Thursday, February 21, 2013

2.21 Analysis of a survey

As an exercise to get some experience writing/designing surveys, you analyzed the Writing Option pre-post survey for Writing Majors.  This survey is (in theory) completed by all students when they BEGIN the writing option major (at the beginning of 2020=> the first course they should tak), and when they complete the Writing Option Major (at the end of 4817).  Its purpose is to give the Department an understanding of:
  • what students know, feel, and can do with respect to our student learning outcomes when they enter the program
  • what students know, feel, and can do with respect to our student learning outcomes when they complete the program
We started our discussion of the Writing Option Major survey by organizing which SLOs were covered by which questions (see below).

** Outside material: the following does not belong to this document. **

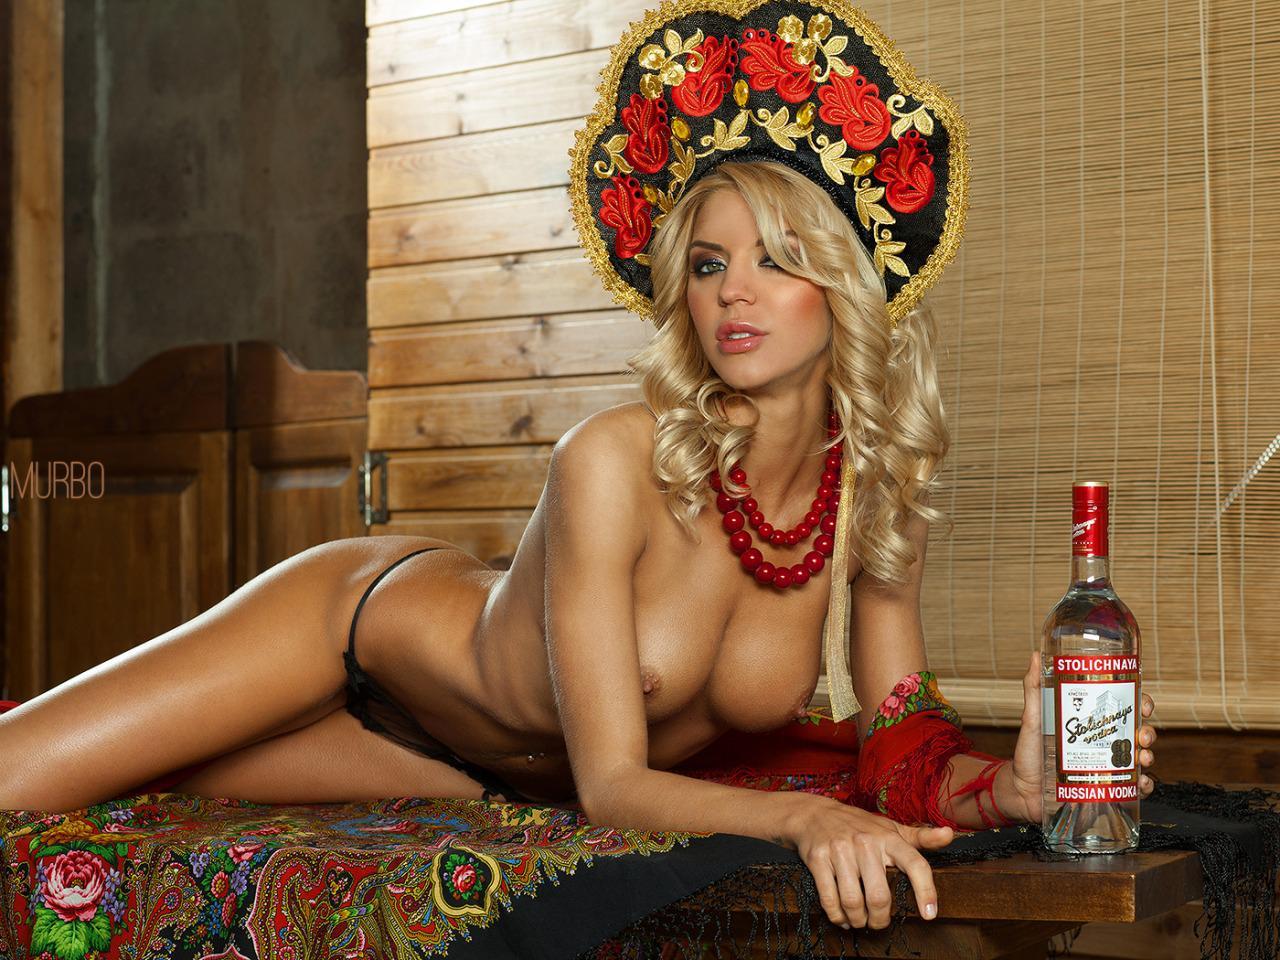 Украинские и русские толстухи порно шум

Student Learning Outcome #1: students will produce essays through a series of drafts that include exploratory writing or talk, as well as revisions that include addition, deletion, substitution and rearrangement.
1,5,7,11,12,14,15,

Student Learning Outcome #2: students will identify central ideas/themes of a text through class discussion and writing.
1,3,4,7,8,9,11,13,15,

Student Learning Outcome #3: students will use two or more methodologies from English Studies to develop original research or creative products.
2,4,6,7,

Student Learning Outcome #4: students will demonstrate ability to give a compelling oral presentation.
8, 10,13,

Student Learning Outcome #5: students will connect ideas from classroom assignments to contemporary issues in class discussion and presentations.
3,6,7,8,9,10,13

This distribution seems to indicate that each of the SLOs were covered by questions in the survey - so far so good => and then it got really interesting.  We started by having each group report separately - but soon everyone had so much to say that I just fielded comments.  Your feedback provides the following information + suggestions.

provide a comment box
simplify the scale for responding (yes, no, I don't know0
remove or revise questions that are not relevant, that are too vague or general, or that include language students students won't be sure how to interpret (things like discourse analysis, tetual analysis etc)
instructors will need to provide a clear explanation of what the survey is supposed to do if they expect students to "take it seriously" (provide "real" data)
revise/take out specialized language
do something so that transfer students (or students who take courses out of order) take the survey
ditch the last 4 questions or make them another survey
there should be some questions about personal writing
need to explain that this is "not a text" (this connects to explaining the survey's purpose)

So after I took all this in, (and in talking with Karl) it occurred to me that to do a good job revising this survey, we will need a "panel" of students.  Anyone interested?  We can talk about this in class.

For next class:


Blog 10: Reflect on what our discussion of the Writing Option major survey suggests about: 1) the way language works (think about Gee); 2) what kinds of information you can collect with surveys; and 3) what challenges researchers face when desigining quantitative instruments (things that are reduced to numbers => like surveys, "objective" tests and so on).